Pourtant entouré d’une équipe relativement solide (John A. Alonzo, directeur photo de Scarface et Chinatown entre autre), La nurse ne parvient jamais à sortir de son esthétique kitsch avec ses teintes bleutées omniprésentes et ses décors réduits au strict minimum. On ressent derrière tout ça une économie de moyens et la volonté de coller à un standard de production qui semble attirer le public en salles. De plus, le casting provenant principalement de la télévision (hormis Carey Lowell, jeune James Bond girl) ne transpire pas le charisme, rendant pathétiques les situations les plus dramatiques ou intenses. Mais je me refuse à dénigrer ce film car cela reviendrait à renier le plaisir offert par le cabotinage de Dwier Brown imitant sans vergogne Evil Dead et le personnage de Ash dans sa dernière demie heure.

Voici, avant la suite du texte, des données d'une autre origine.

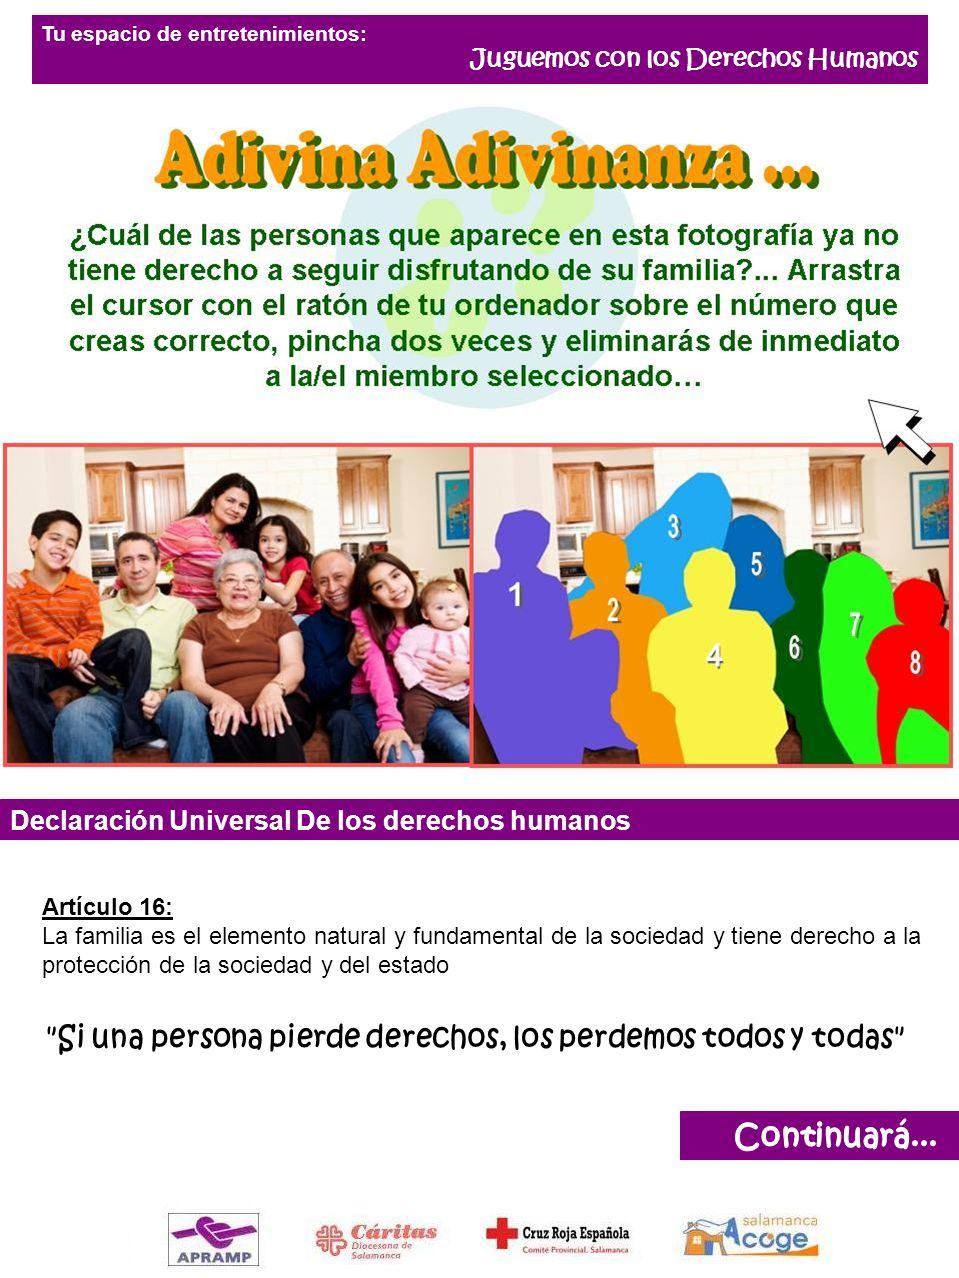 Declaración Universal De los derechos humanos Artículo 16: La familia es el elemento natural y fundamental de la sociedad y tiene derecho a la protecc

Ou de mentir en supposant que la plastique parfaite de Jenny Seagrove ne m’a fait aucun effet.

La nurse bébé

De plus, même s’il ne brille pas par sa qualité plastique et esthétique, La nurse possède quelques éclairs de génie en terme de montage et de plans (les bébés incrustés dans l’arbre, les vues subjectives) ainsi que des scènes au potentiel énorme (l’attaque des loups, le final) qui rendent la séance sympathique et nous empêche de s’ennuyer. On est tout de même très loin de se rendre compte du talent de Friedkin avec ce film qui ne l’aidera pas à remonter la pente (il récidivera dans la même veine du thriller érotique avec Jade) mais on passe un agréable moment qui nous rappelle que même les plus grands peuvent faire un faux pas.